> _Description of the task_: Retype the listing below exactly, pictures removed.

> _Data below_:
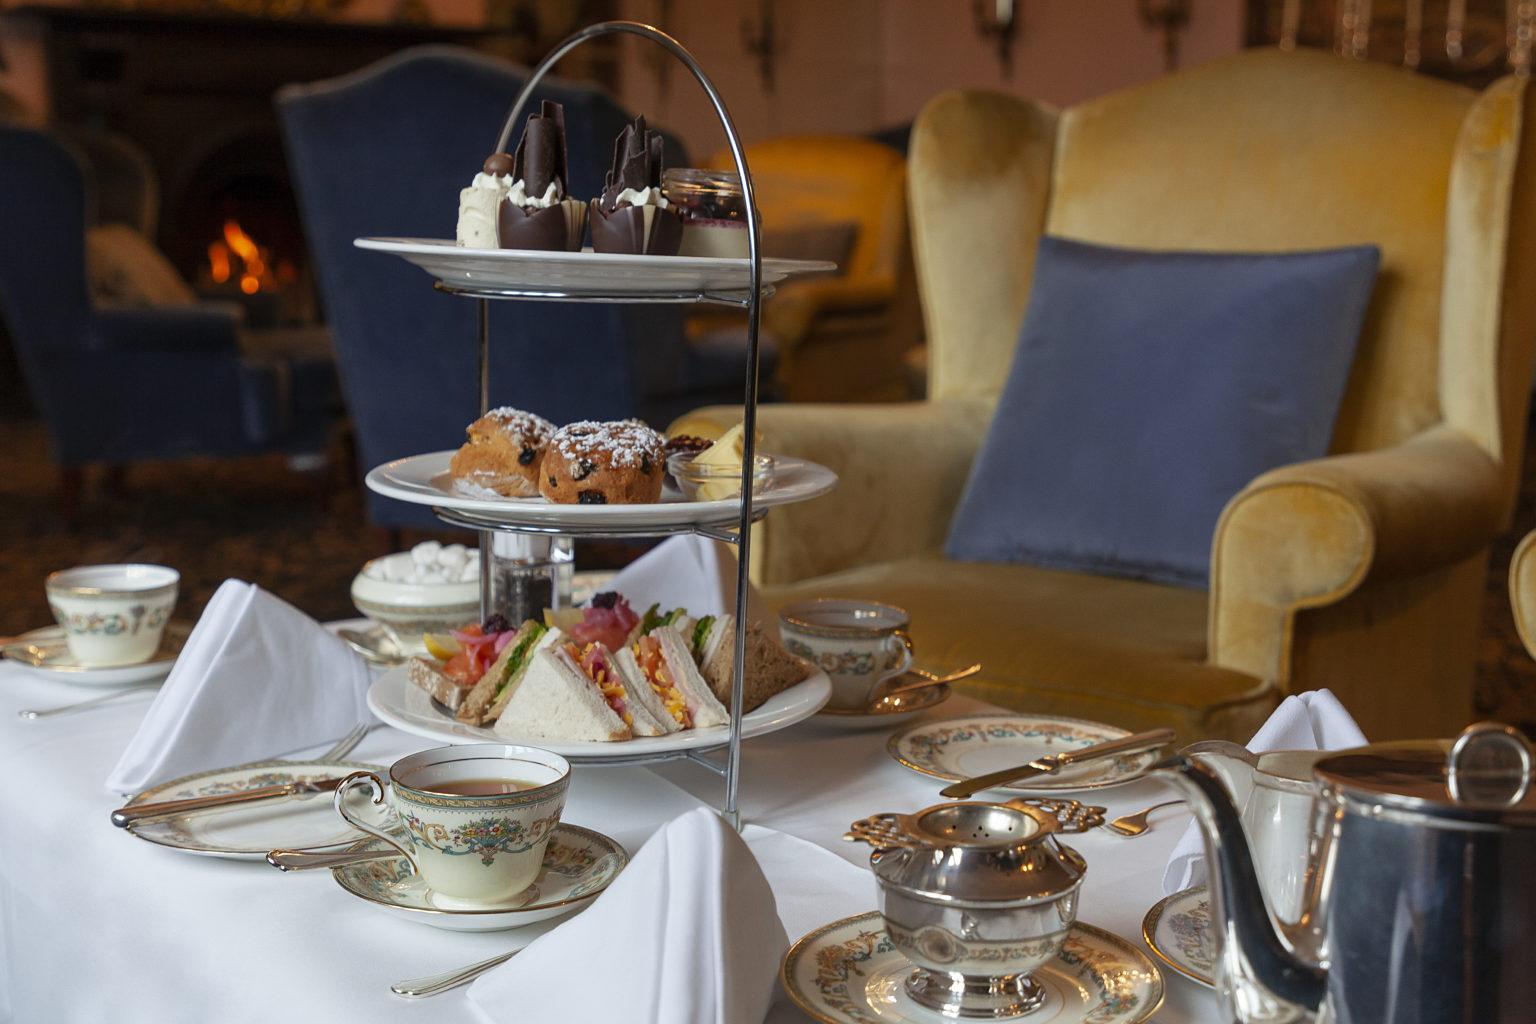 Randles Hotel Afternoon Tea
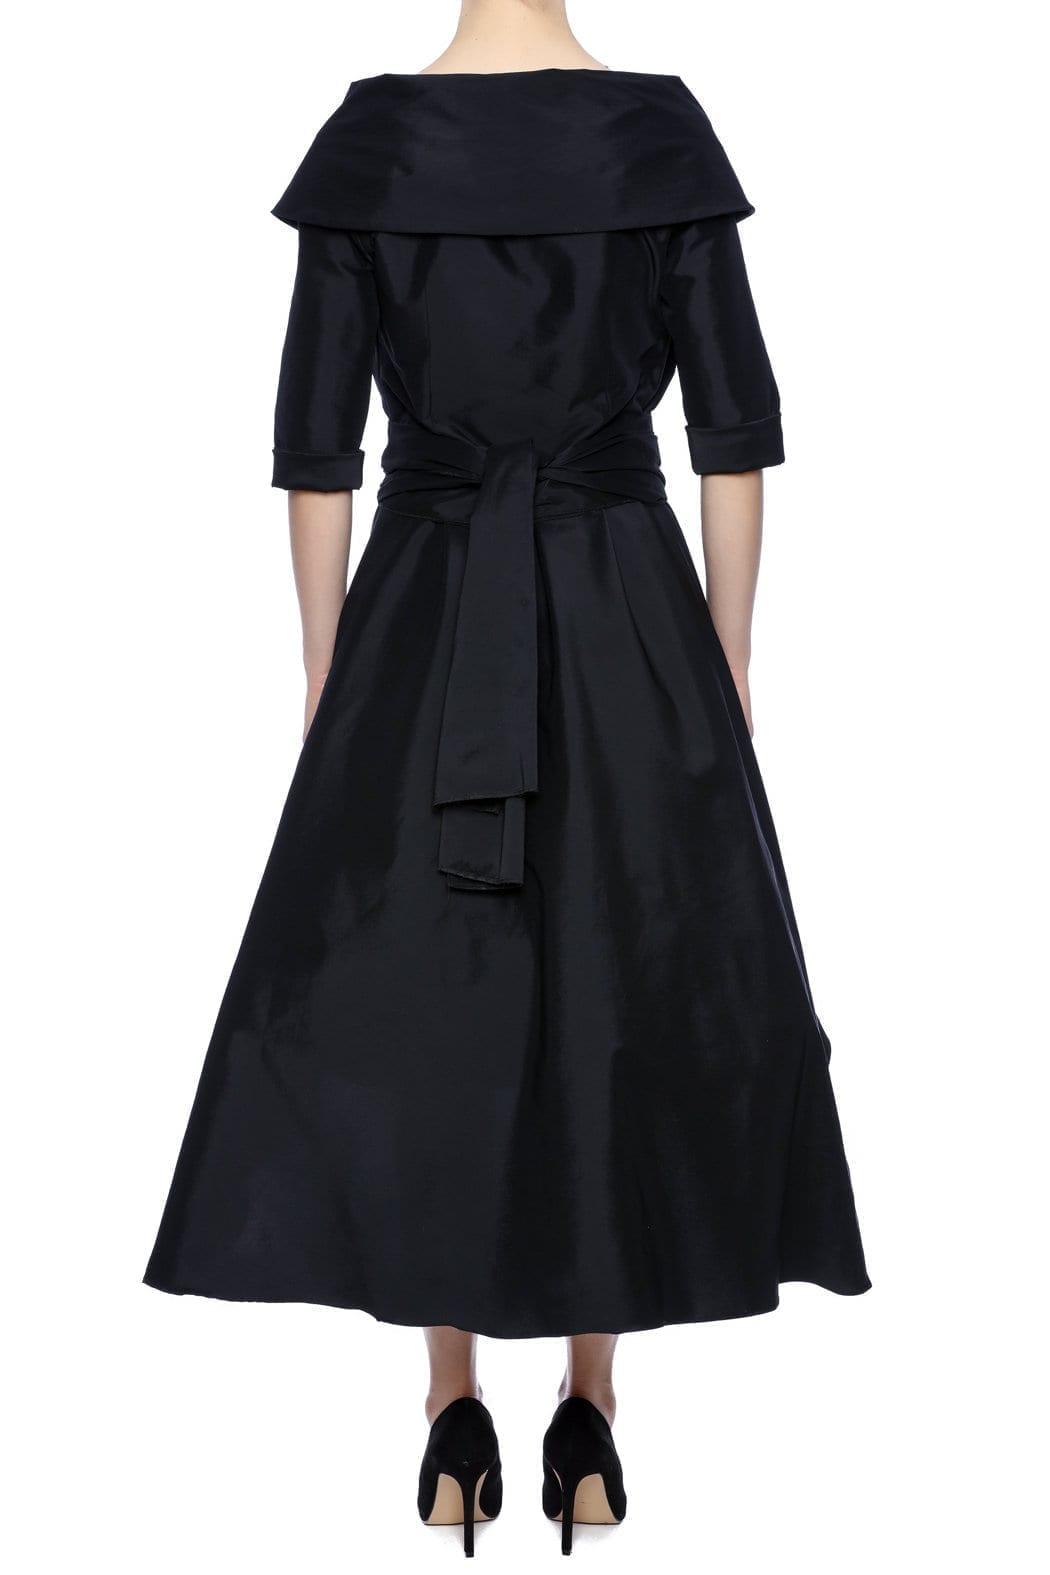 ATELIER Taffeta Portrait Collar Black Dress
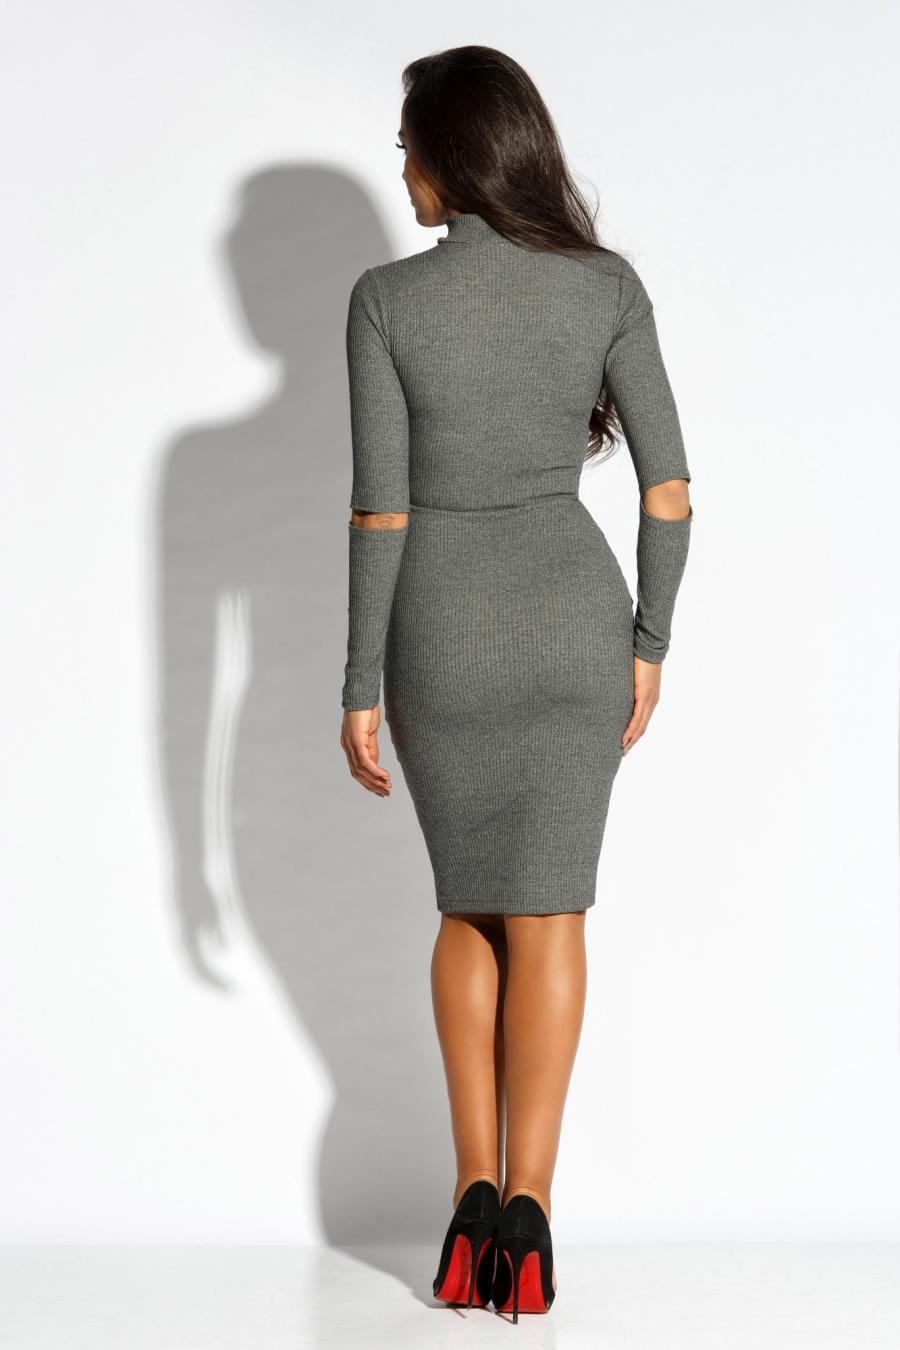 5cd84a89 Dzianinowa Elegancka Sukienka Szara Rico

> _Written response_:
 Randles Hotel Afternoon Tea
 ATELIER Taffeta Portrait Collar Black Dress
 5cd84a89 Dzianinowa Elegancka Sukienka Szara Rico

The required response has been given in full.